Ausgang: Antrag auf Anordnung der Auslieferungshaft gegen den Beschuldigten wurde stattgegeben; Auslieferungsvoraussetzungen und Fluchtgefahr festgestellt
Abstrakte Rechtssätze
Ein Europäischer Haftbefehl ist als Auslieferungsersuchen i.S. von § 79 Abs. 1 S. 1 i.V.m. § 83a Abs. 1 IRG zu behandeln und muss die dort geforderten Angaben enthalten.

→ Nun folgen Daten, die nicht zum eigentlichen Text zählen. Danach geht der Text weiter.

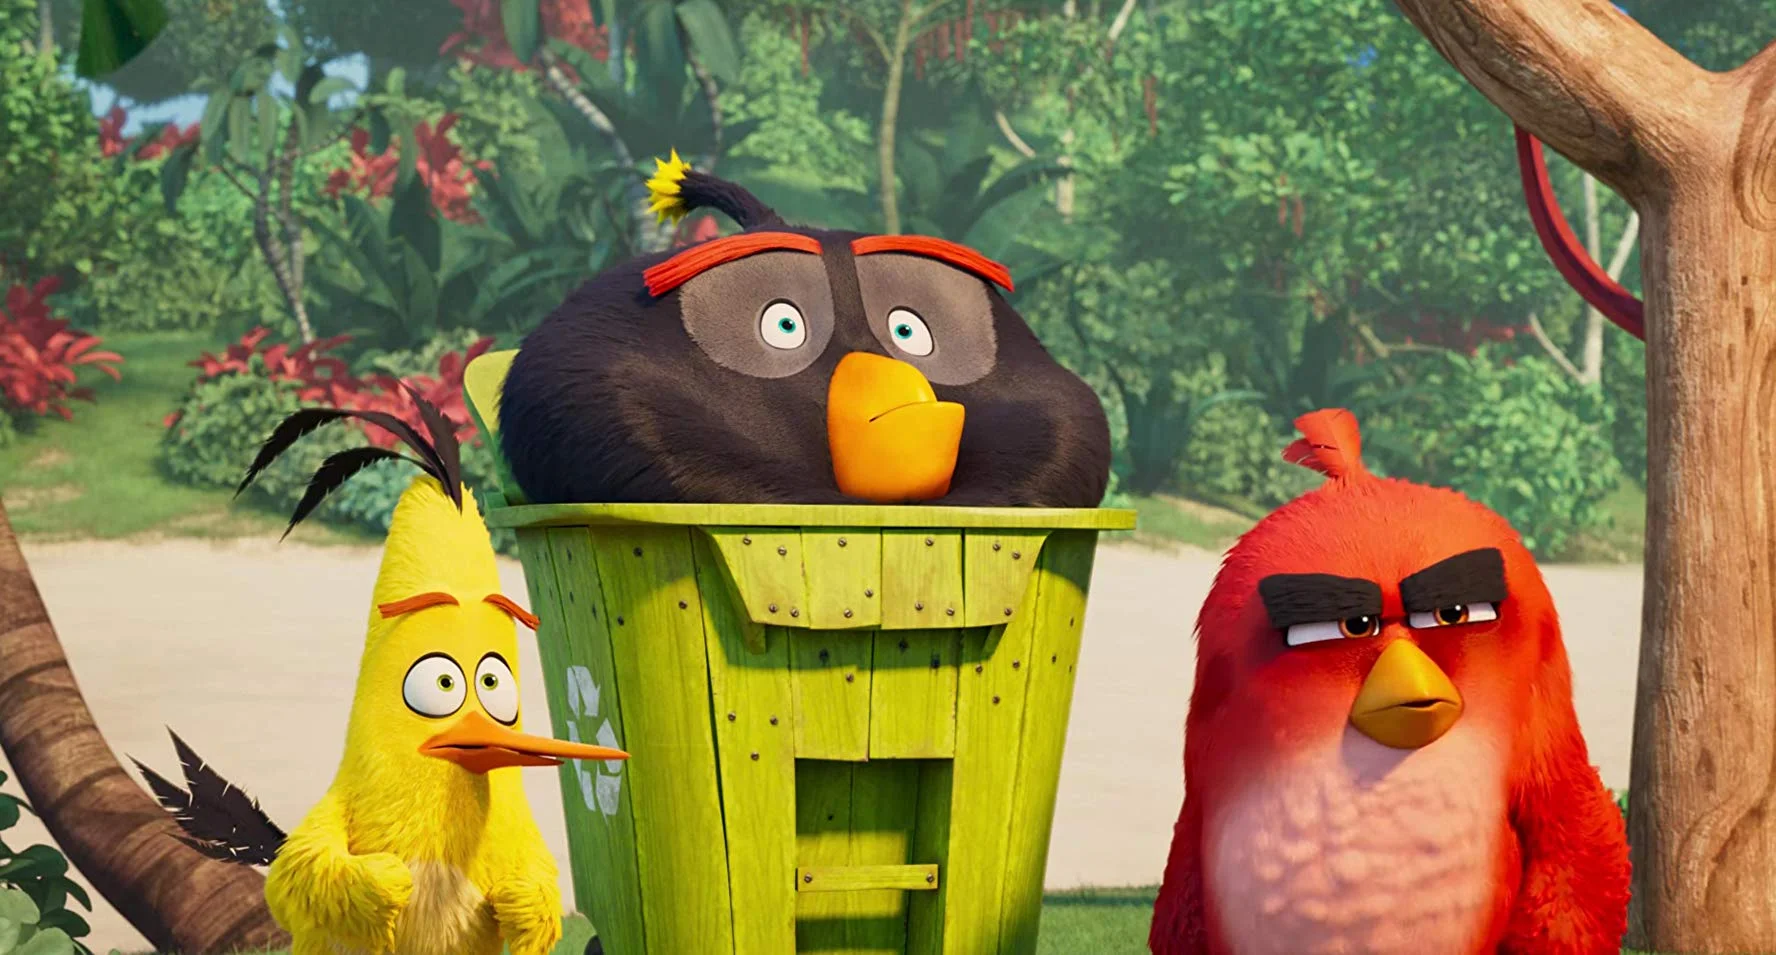 «Приятно глупый сиквел»: критики умеренно хвалят вторую часть мультфильма по Angry Birds - фото 3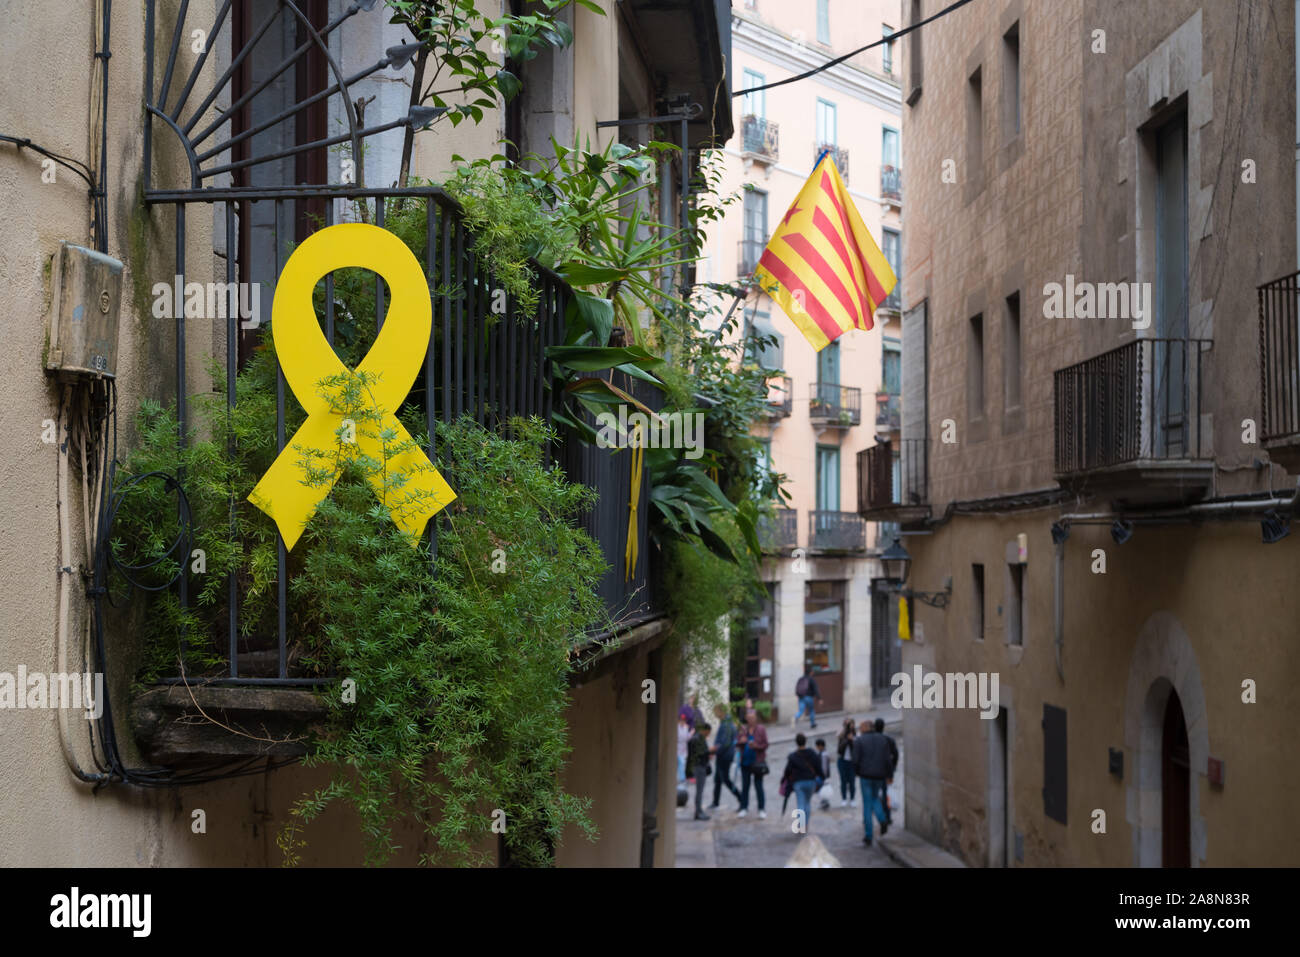 Fassaden und Häuser in Katalonien, Spanien, mit unabhängigkeitsfahnen und gelben Bändern verziert Stockfoto

Bei Nicht‑Katalogtaten ist die beiderseitige Strafbarkeit zu prüfen; ist die Tat nach dem Recht des ersuchenden und des ersuchten Staates strafbar, ist die Voraussetzung der beiderseitigen Strafbarkeit erfüllt (Art. 2 Abs. 2 Rahmenbeschluss, §§ 3, 81 Nr. 4 IRG).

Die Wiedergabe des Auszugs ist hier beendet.